During their stay at Grand Regency Hotel, the Bellamy cables indicates that Pattni had wired the presidential room where two were staying and secretly filmed all guests who called on them, including Wambui, and the then Director of Criminal Investigations Department John Kamau.

Wambui was adversely mentioned in the report by the Joint Sessions of the Departmental Committees on Administration, National Security and Local Authorities and Administration of Justice and Legal Affairs that was finally adopted in late 2010.

The report linked her to the controversial activities of the Armenian mercenaries during their stay in Kenya in 2006, saying she had been seen in public using the vehicle in which two officers attached to the PEU (Presidential Escort Unit) were carjacked.

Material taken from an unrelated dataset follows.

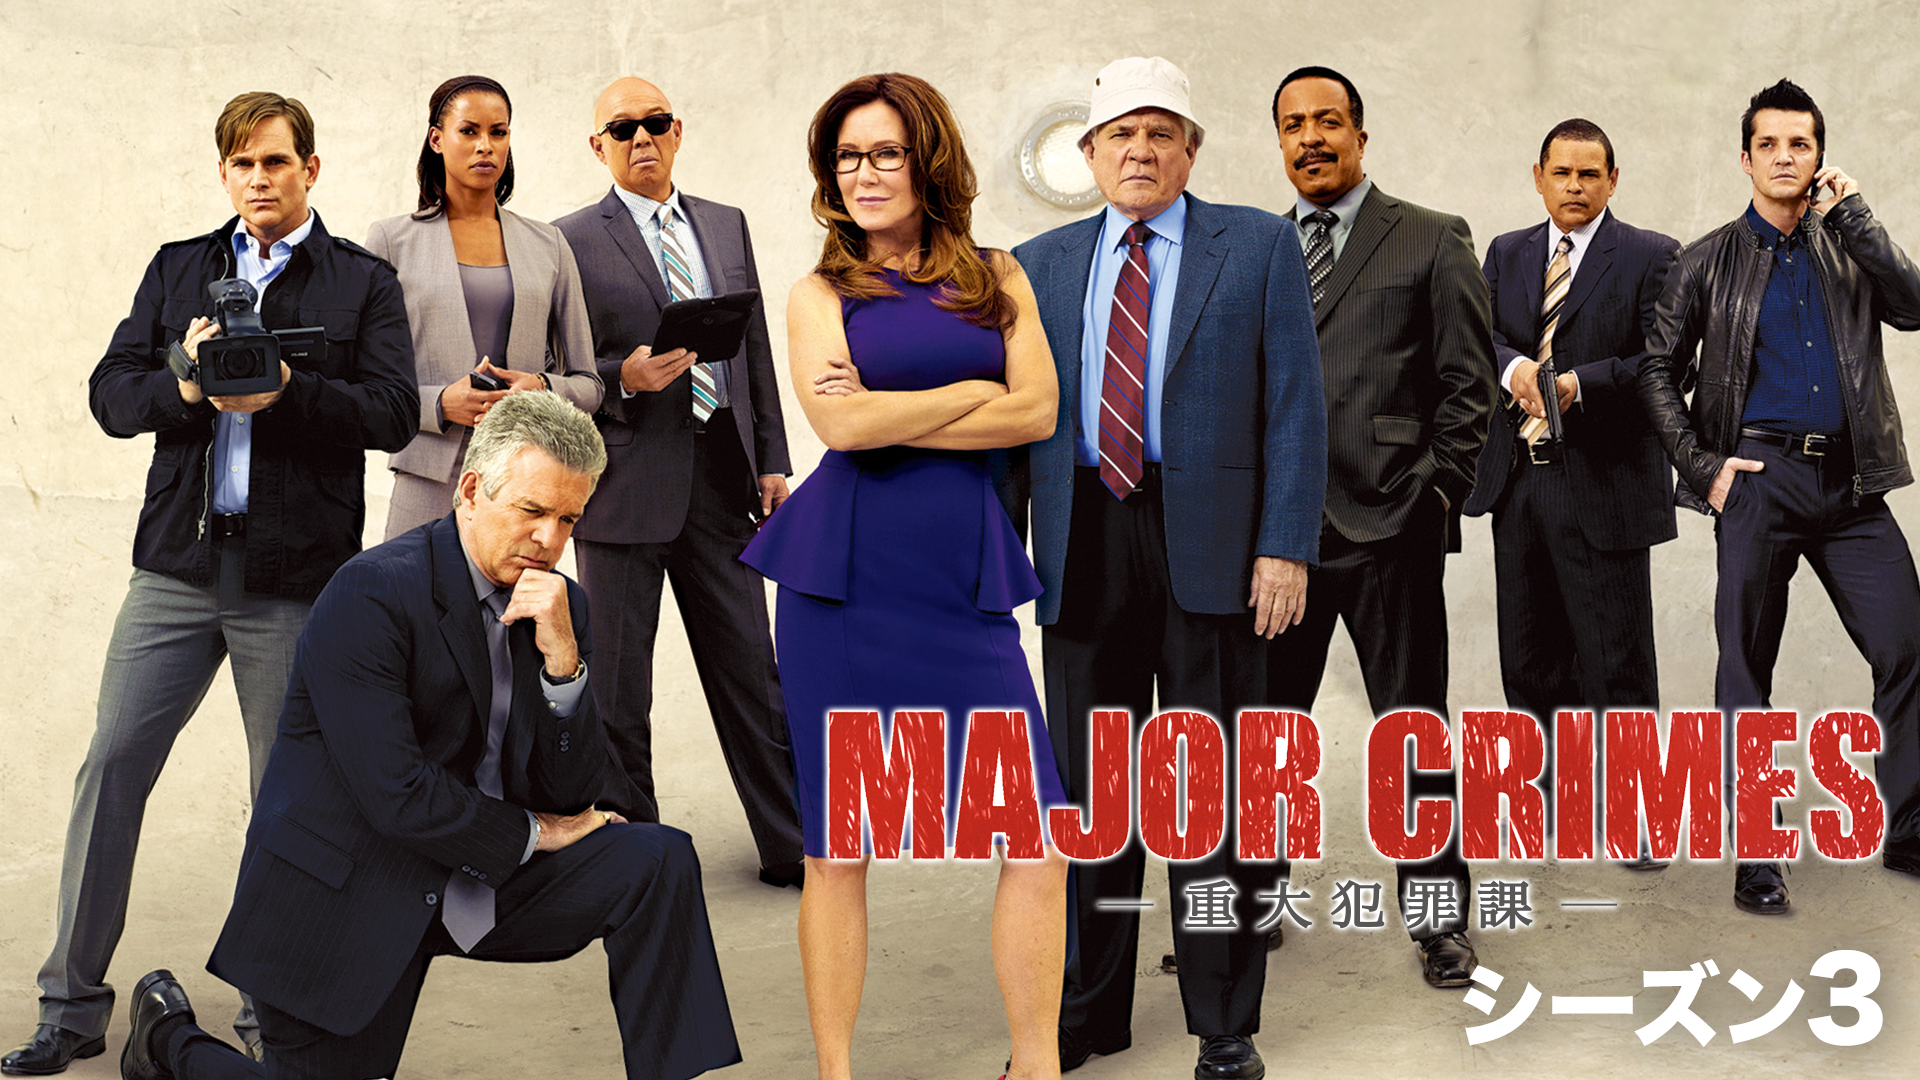 Major Crimes 重大犯罪課 シーズン３ 海外ドラマ 14 の動画視聴 U Next 31日間無料トライアル

“It is the view of the committee that there is a connection between Mary Wambui, the two PEU and the alleged carjacking of the two officers. The committee is convinced that the carjacking incident was stage-managed to give the Artur brothers (the opportunity) to use the firearms from the PEU,” the report reads.

In 2006 President Kibaki appointed a commission of inquiry chaired by former Police Commissioner Shedrach Kiruki but it was widely discredited as a ploy to derail the parliamentary probe.

The Government eventually deported the Artur brothers to Dubai on June 10, 2006. The parliamentary probe report was tabled in Parliament in September, 2007 but it was not adopted until Gitobu Imanyara moved a motion.

Wambui’s image appears to hypnotise people. The country was treated to rare drama in December 2007 after the First Lady slapped a master of ceremony during an end of year party after she was mistakenly referred to as ‘Lucy Wambui’.

A former State House Comptroller, Matere Keriri, a long time friend and close confidant of the president lost his job at State House after Lucy learnt that he had allowed Wambui to access the State House.

Earlier, during a New Year’s Eve party in 2003, then Vice President Moody Awori tasted the First Lady’s wrath after he raised a glass and referred to Lucy as the “Second Lady”, causing her to walk out of the State banquet. Awori later said it was a slip of the tongue.

President Kibaki is said to have known Wambui for 30 years and is said to have married her in a traditional ceremony. Wambui’s eldest daughter Winnie Wangui refers to President Kibaki as her father.

In a recent interview with the Sunday Nation, Wambui brushed off accusations that she has links with drug dealers.

Wambui, commonly known as Mama Winnie after her eldest daughter, said she has five children but did not elaborate who the other four are. “I’m someone’s wife, I have five children and six grandchildren,” she said.

Wambui is one of the few people who have, on more than one occasion forced the president to issue press statements denying that he has any other spouse except Lucy. The President also clarified to the public that he has only one family.

Her marital status aside, Wambui has trained her eyes on Othaya parliamentary seat, which the president’s son Jimmy Kibaki is also eying, although it remains to be seen whether the constituents will replace their London-trained economist MP and President with a primary school dropout whose source of wealth is tainted with claims of corruption and drug trafficking.